▶ _Task_
Beneath this line sits some data. Return only its lines from the one holding "#getoffgas with heat" through the one holding "Beautiful magic flower", inclusive, exactly, with the images removed.

▶ _Data listing_
"""

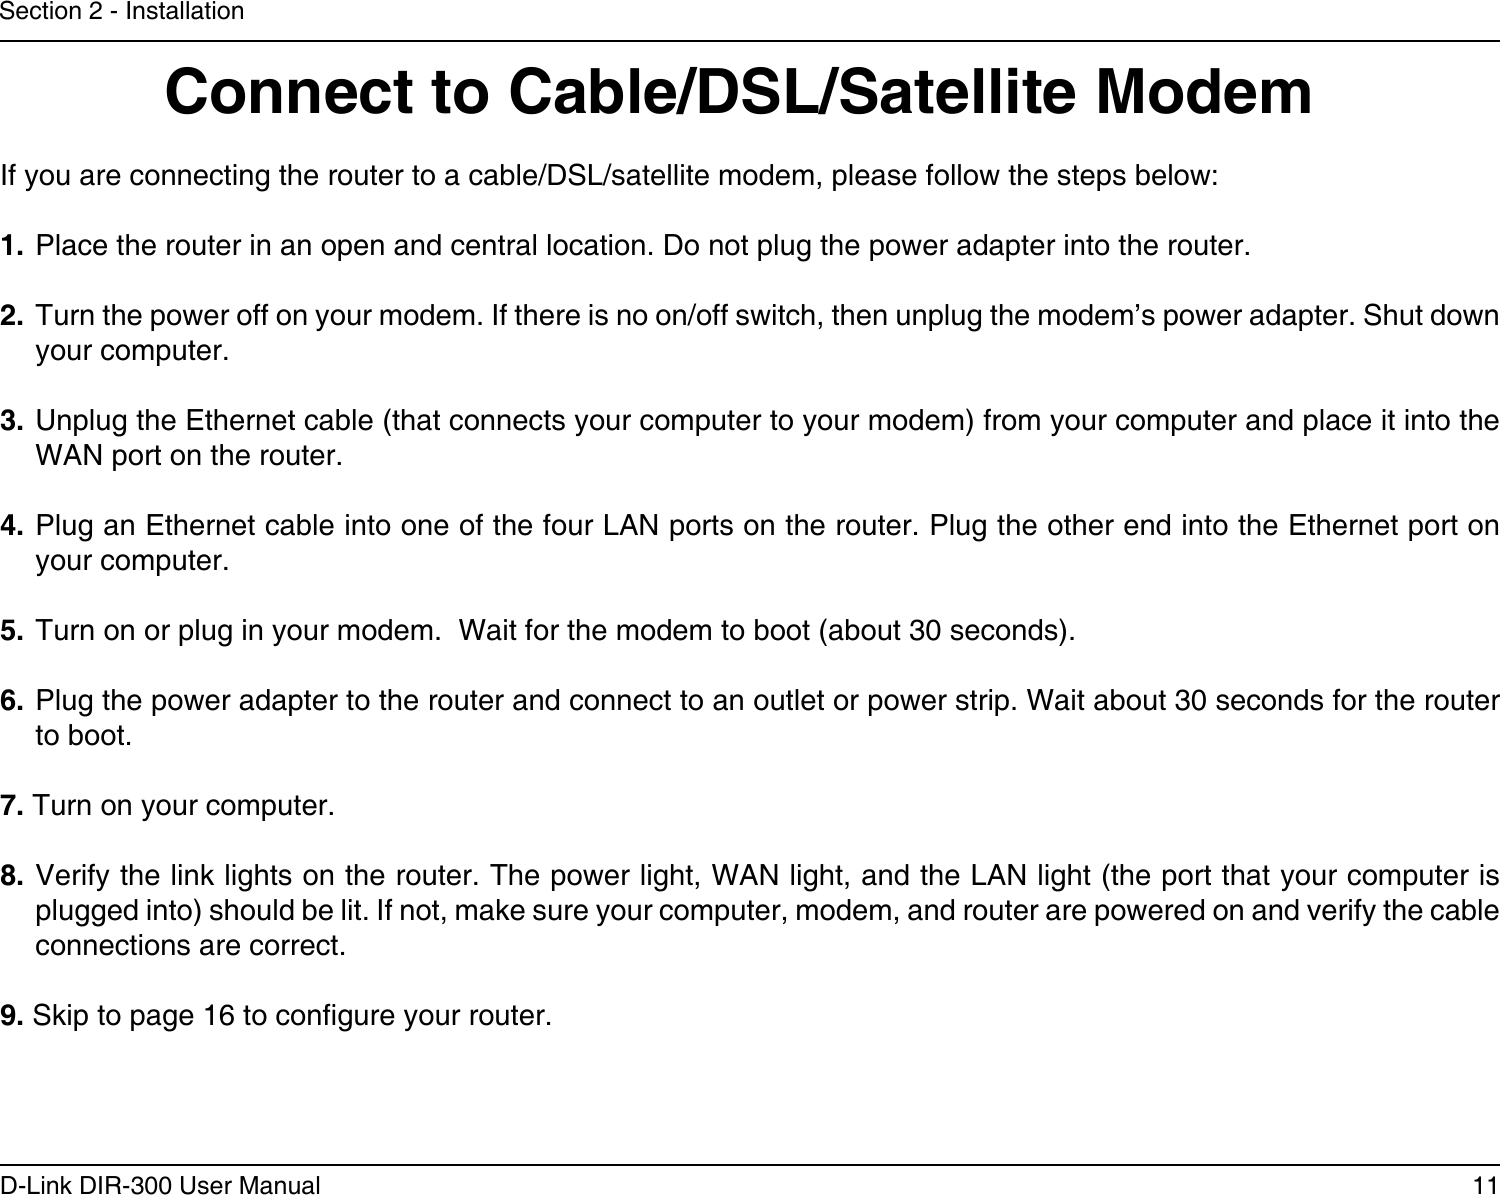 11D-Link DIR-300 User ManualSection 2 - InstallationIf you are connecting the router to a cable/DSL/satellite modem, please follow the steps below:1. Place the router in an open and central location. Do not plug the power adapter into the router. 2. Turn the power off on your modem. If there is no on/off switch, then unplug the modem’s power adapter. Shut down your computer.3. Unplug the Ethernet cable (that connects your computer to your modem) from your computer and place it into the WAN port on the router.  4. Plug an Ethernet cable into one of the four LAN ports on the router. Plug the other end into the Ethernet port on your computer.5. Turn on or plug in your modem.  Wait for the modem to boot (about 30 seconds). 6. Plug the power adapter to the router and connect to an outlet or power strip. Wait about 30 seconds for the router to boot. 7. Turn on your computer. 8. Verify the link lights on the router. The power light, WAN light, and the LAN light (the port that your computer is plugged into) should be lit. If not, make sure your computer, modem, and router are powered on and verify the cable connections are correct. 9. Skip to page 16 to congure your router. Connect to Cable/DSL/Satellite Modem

"""
"""

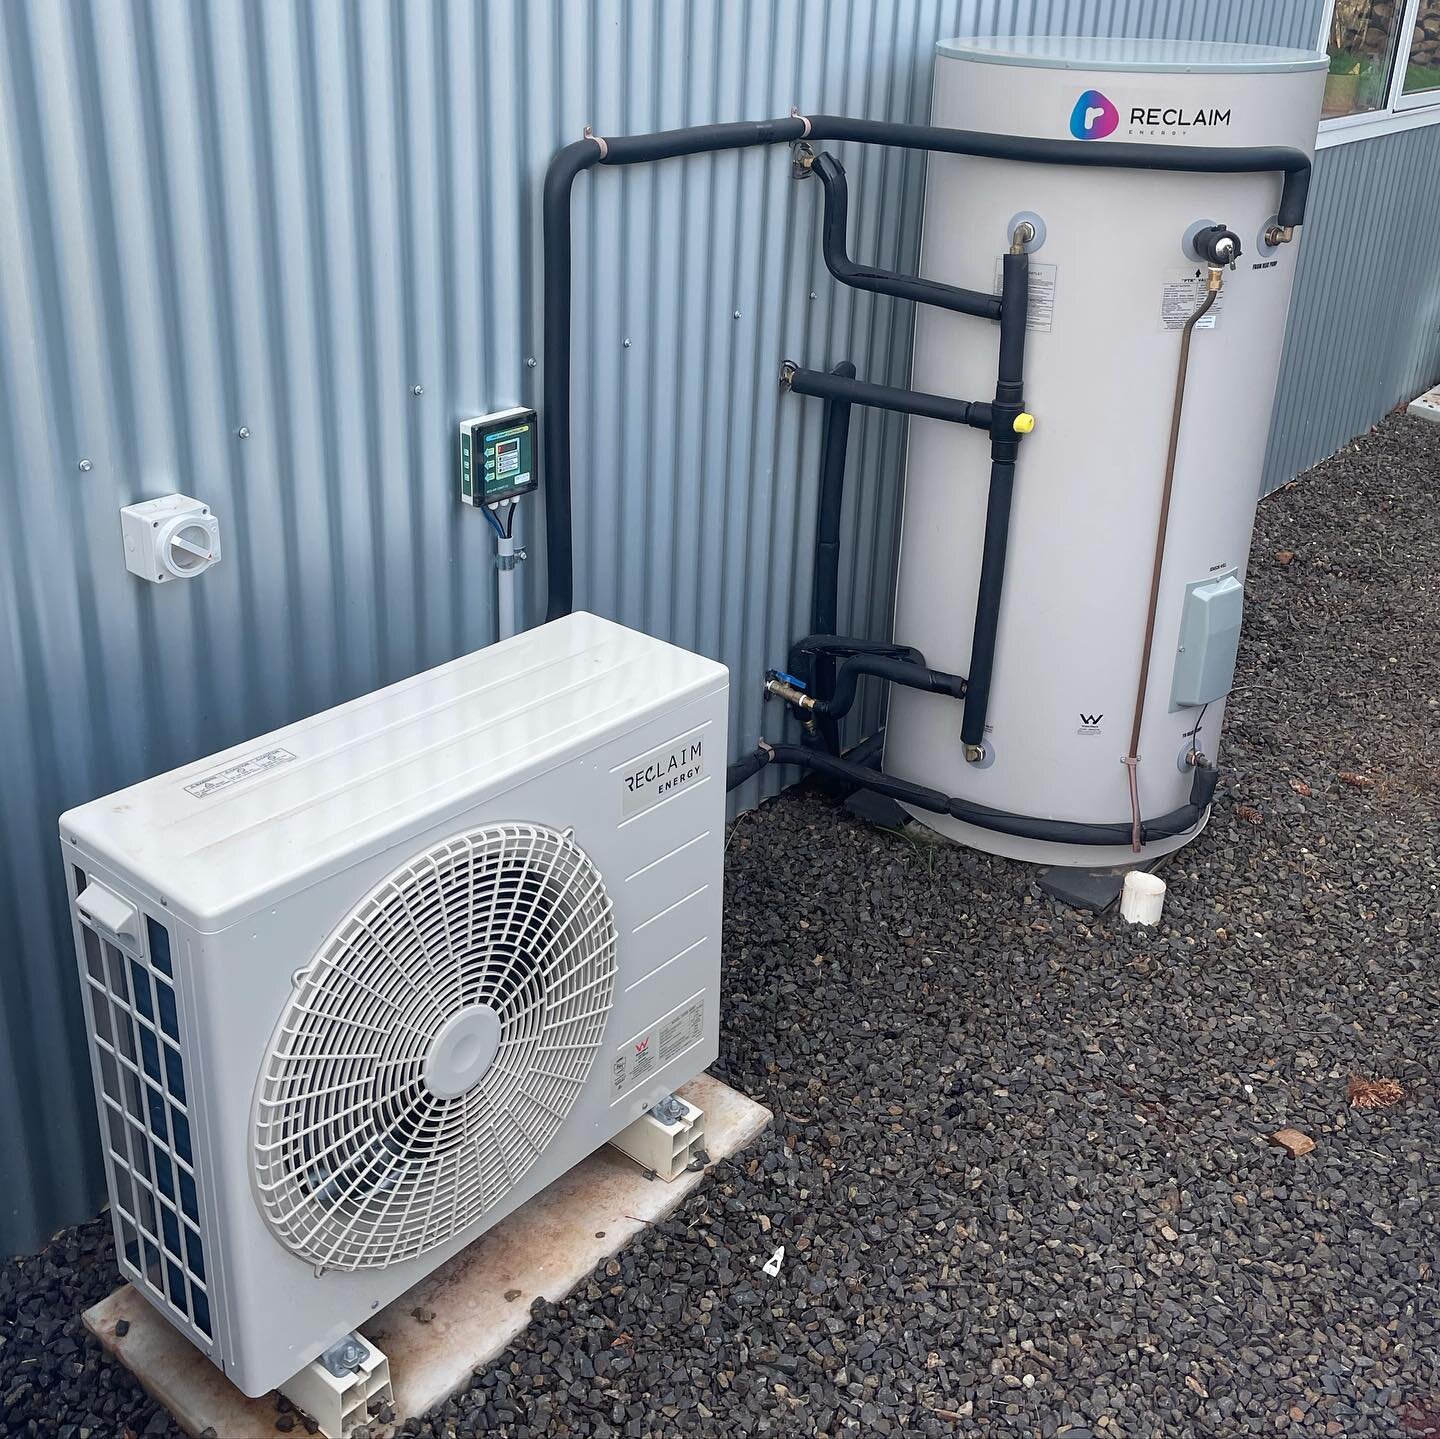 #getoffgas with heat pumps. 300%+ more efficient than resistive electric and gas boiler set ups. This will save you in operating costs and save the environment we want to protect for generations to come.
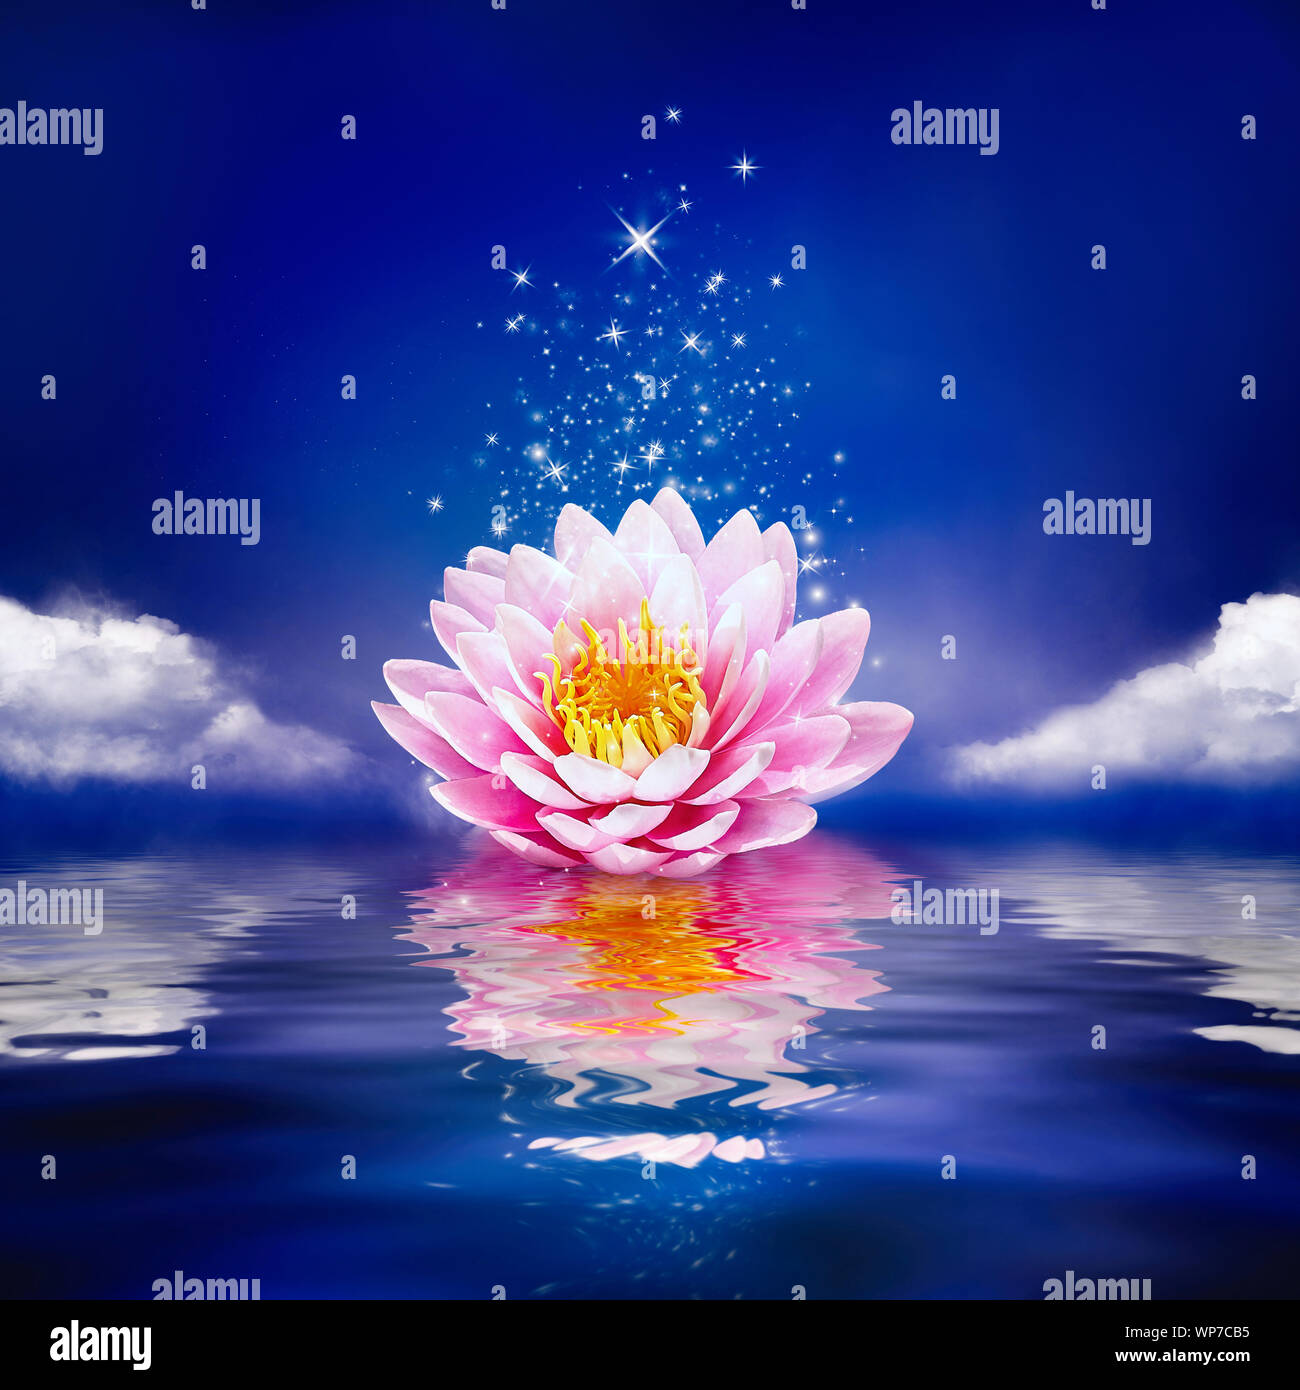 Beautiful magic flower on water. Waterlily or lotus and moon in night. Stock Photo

"""

▶ _Output for this exercise_
 #getoffgas with heat pumps. 300%+ more efficient than resistive electric and gas boiler set ups. This will save you in operating costs and save the environment we want to protect for generations to come.
 Beautiful magic flower on water. Waterlily or lotus and moon in night. Stock Photo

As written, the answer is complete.